Pt/magnesia catalysts having high metal dispersion (av. dia. 21 Å) have been prepared employing nonaqueous impregnating solutions and an incipient wetness technique. Both chlorine-free and residual-chlorine-containing catalysts were studied, the latter being prepared from platinum (IV) chloride. Both types of catalyst are of negligible sulphur content (<2 ppm). Comparison of hydrogen chemisorption and transmission electron microscopy results for both “chlorine-free” and chlorine-containing Pt/MgO catalysts showed that (i) chemisorption capacity was substantially as expected from TEM-derived particle size following a reduction temperature of 593 K (LTR), and (ii) chemisorption was depressed to 40% or less of expectation when a reduction temperature of 753 K (HTR) was used. Reactions of saturated hydrocarbons in a flow of hydrogen (p_hydrocarbon = 8-16 Torr, balance to 760 Torr hydrogen) showed hydrogenolysis to be a prominent reaction.

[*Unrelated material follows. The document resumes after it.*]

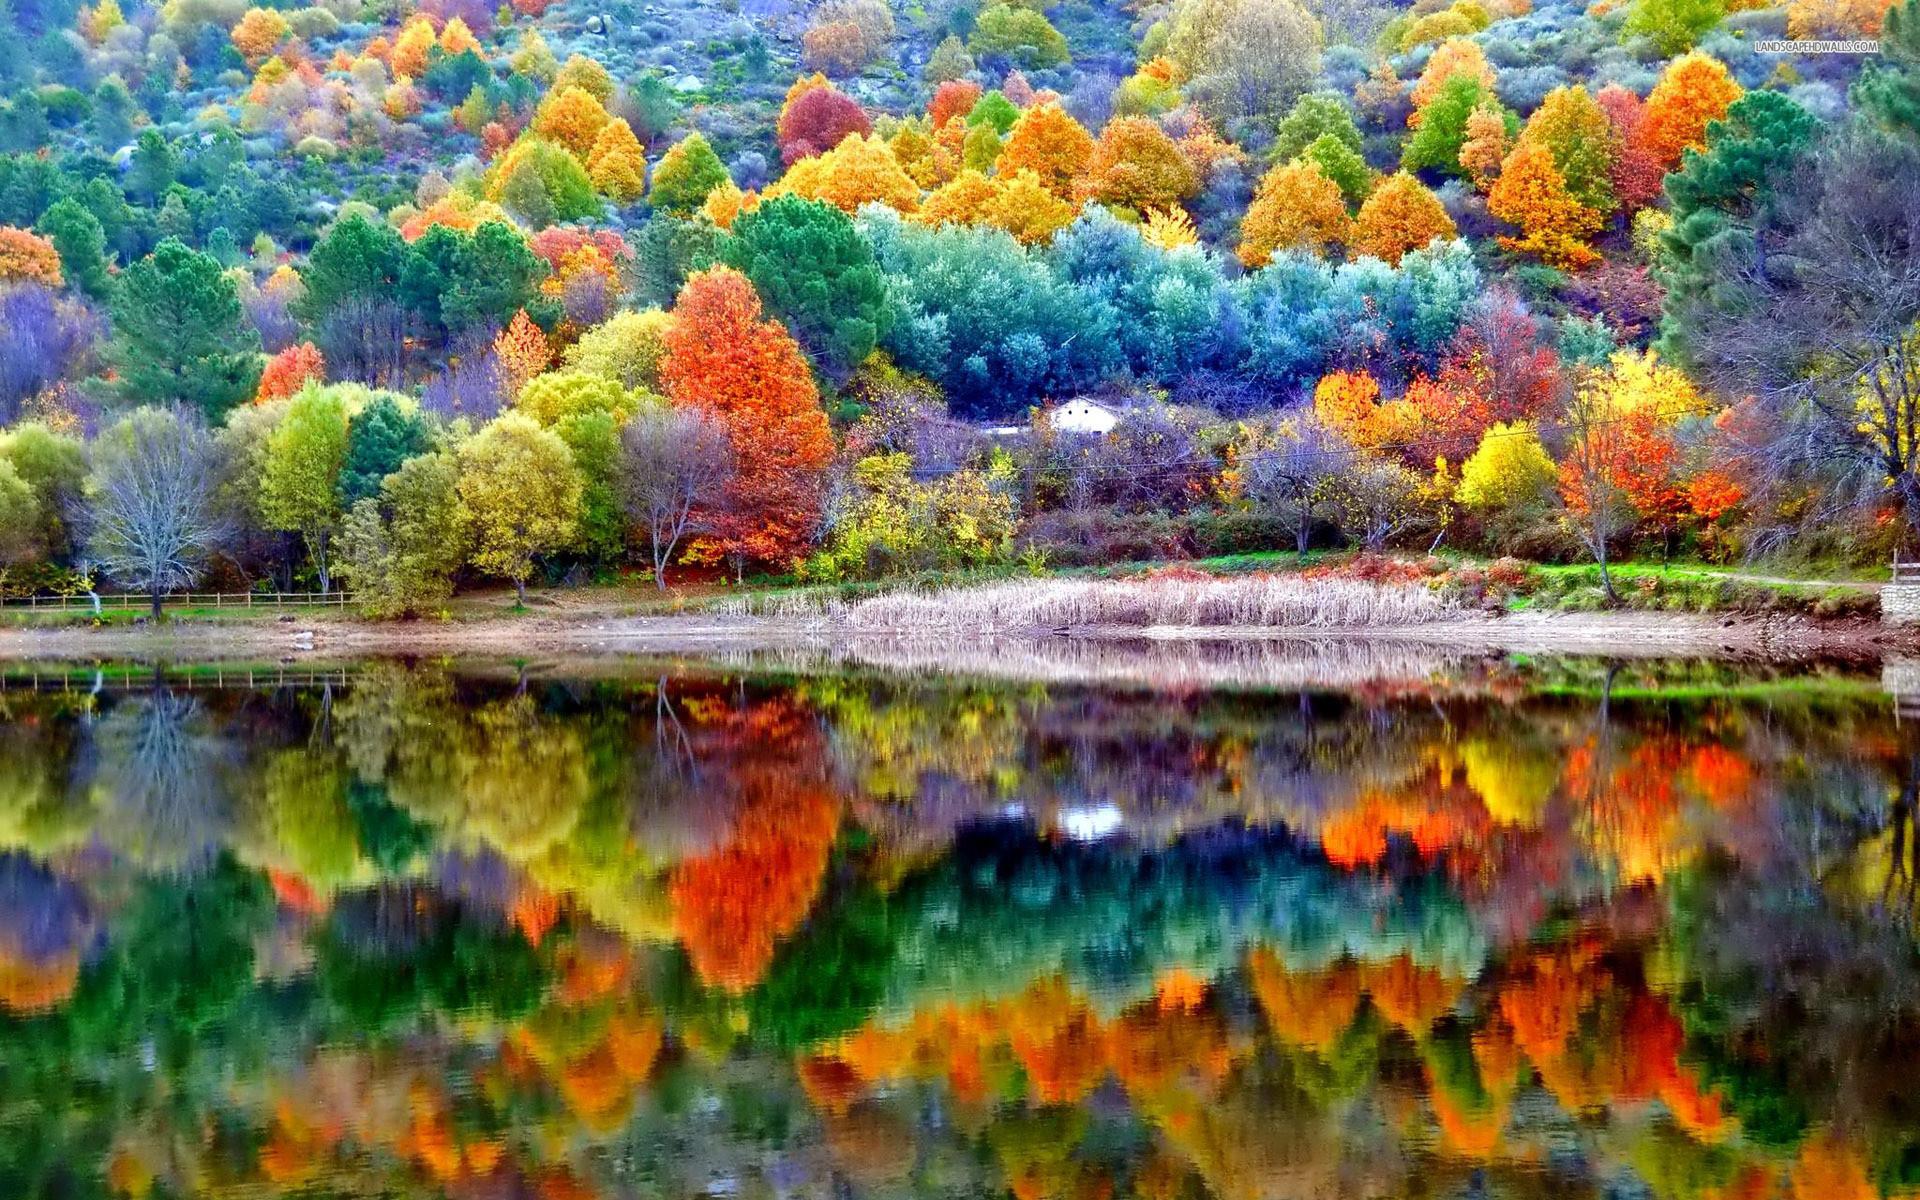 Fall Landscape Wallpaper | Beautiful autumn scenery wallpaper

With LTR chlorine-free catalysts, hydrogenolysis of n-pentane was almost exclusively by central scission. The chlorine-containing HTR catalyst yielded largely terminal scission. HTR chlorine-free catalysts and LTR chlorine-containing catalysts gave an intermediate behaviour. Thus, both higher reduction temperature and presence of chlorine act to move scission of the C-C chain from the centre to the ends. Hydrogenolysis of neohexane showed increased direct demethanation to give n-butane with the presence of chlorine in the catalyst. Ring scission of methylcyclopentane gave an enhanced production of 2-methylpentane on all the Pt/magnesia catalysts. The considerably depressed hydrogen chemisorption and the carbanionic reactivity in these cracking reactions are interpreted in terms of a moderately strong metal-support interaction with a shift of negative charge from the magnesia O²⁻ ions to the platinum. This interaction is increased by the presence of chlorine in the catalysts.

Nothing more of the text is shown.